Grayscale Investments has formally submitted an S-1 registration statement to the U.S. Securities and Exchange Commission (SEC) for a spot Dogecoin exchange-traded fund (ETF), proposing to trade under the ticker "GDOG" on NYSE Arca. The filing converts the existing Grayscale Dogecoin Trust into an ETF structure, allowing investors to gain exposure to Dogecoin (DOGE) without direct token ownership.
Coinbase Custody Trust Company will serve as the sole custodian for the fund's DOGE holdings, with the ETF designed as a passive investment vehicle prohibiting active trading, lending, or derivative exposure. Grayscale's application explicitly notes risks including DOGE's price volatility, regulatory uncertainty, and future competition from other digital assets.

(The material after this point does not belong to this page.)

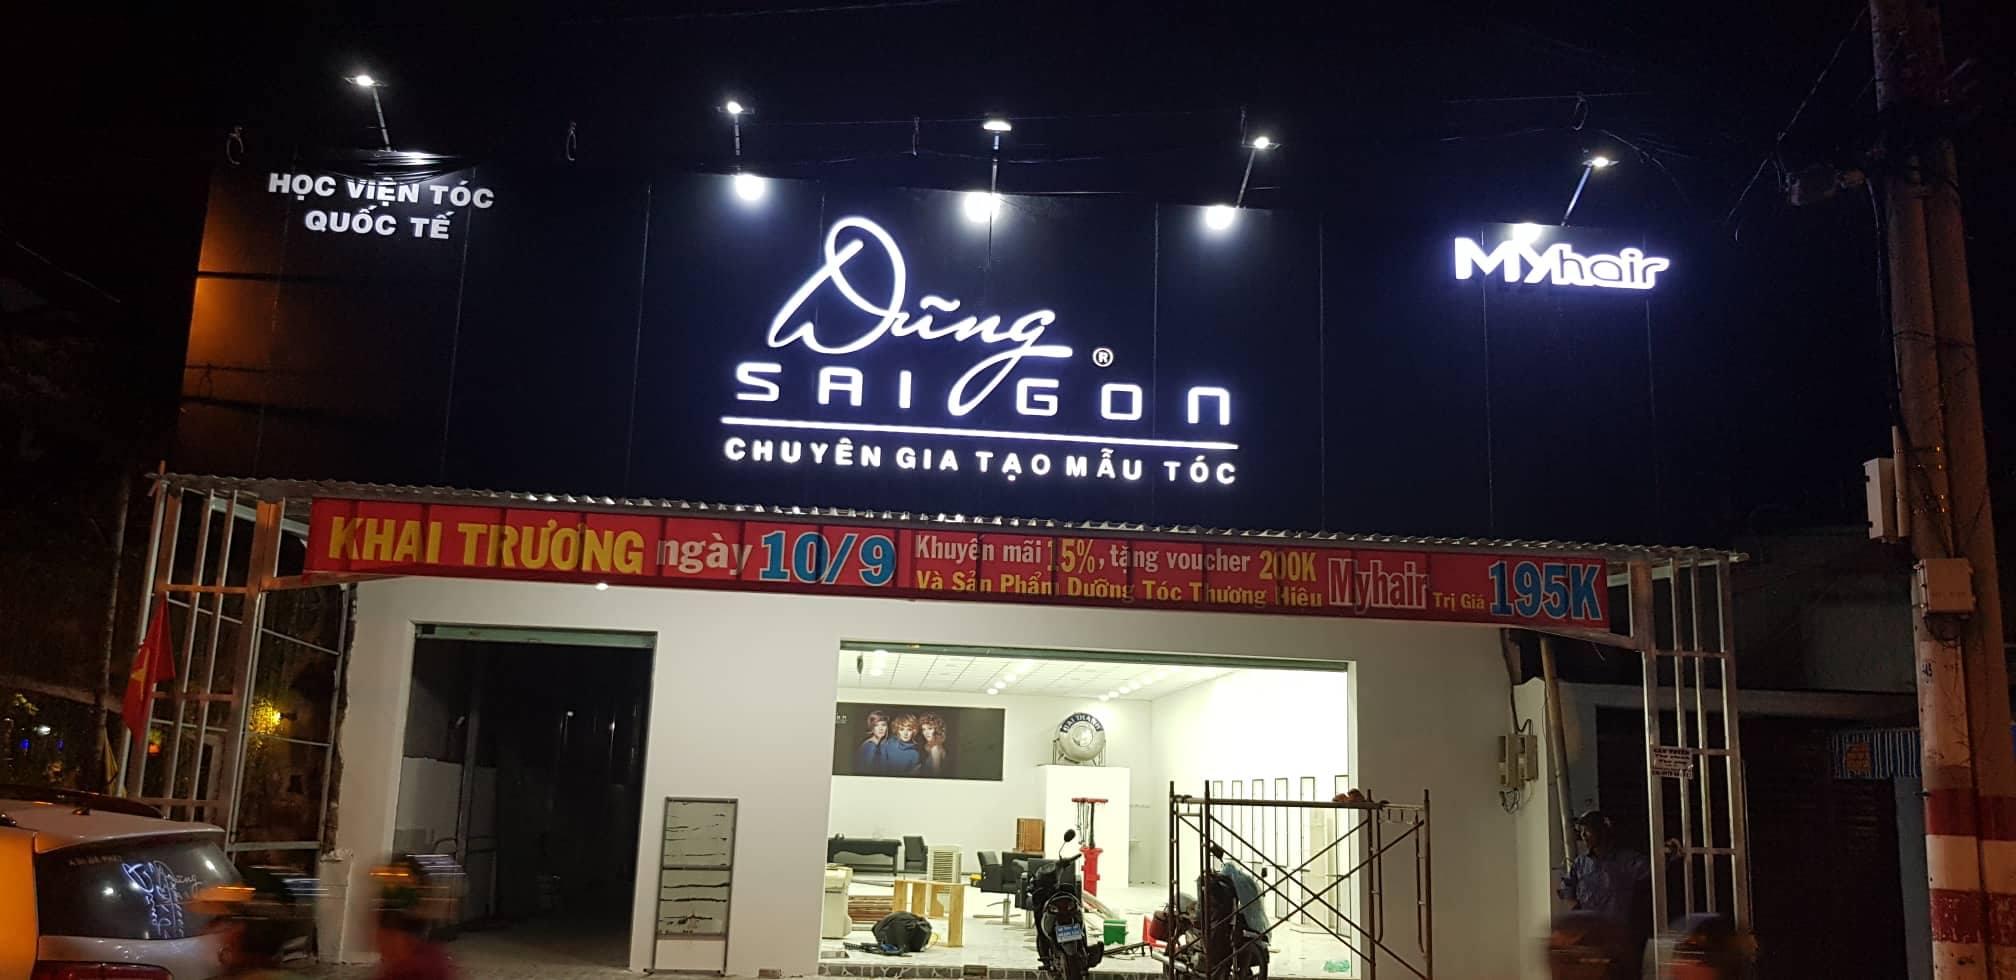 Salon Dũng Sài Gòn - Thủ Đức

The move aligns with amended NYSE Arca listing standards effective January 31 and follows similar Dogecoin ETF applications from Bitwise and Rex-Osprey, signaling growing institutional demand for meme coin exposure through regulated products. These filings occur amid a more favorable regulatory environment under the Trump administration, with the SEC reviewing dozens of cryptocurrency ETF proposals including those for Solana and XRP.
Despite the development, DOGE showed no immediate price reaction, trading at $0.23 (down 2.3% weekly) at reporting time. Approval timing remains uncertain, with Grayscale emphasizing that share offerings will commence only after SEC authorization. The conversion would improve liquidity and potentially lower fees compared to the existing trust structure.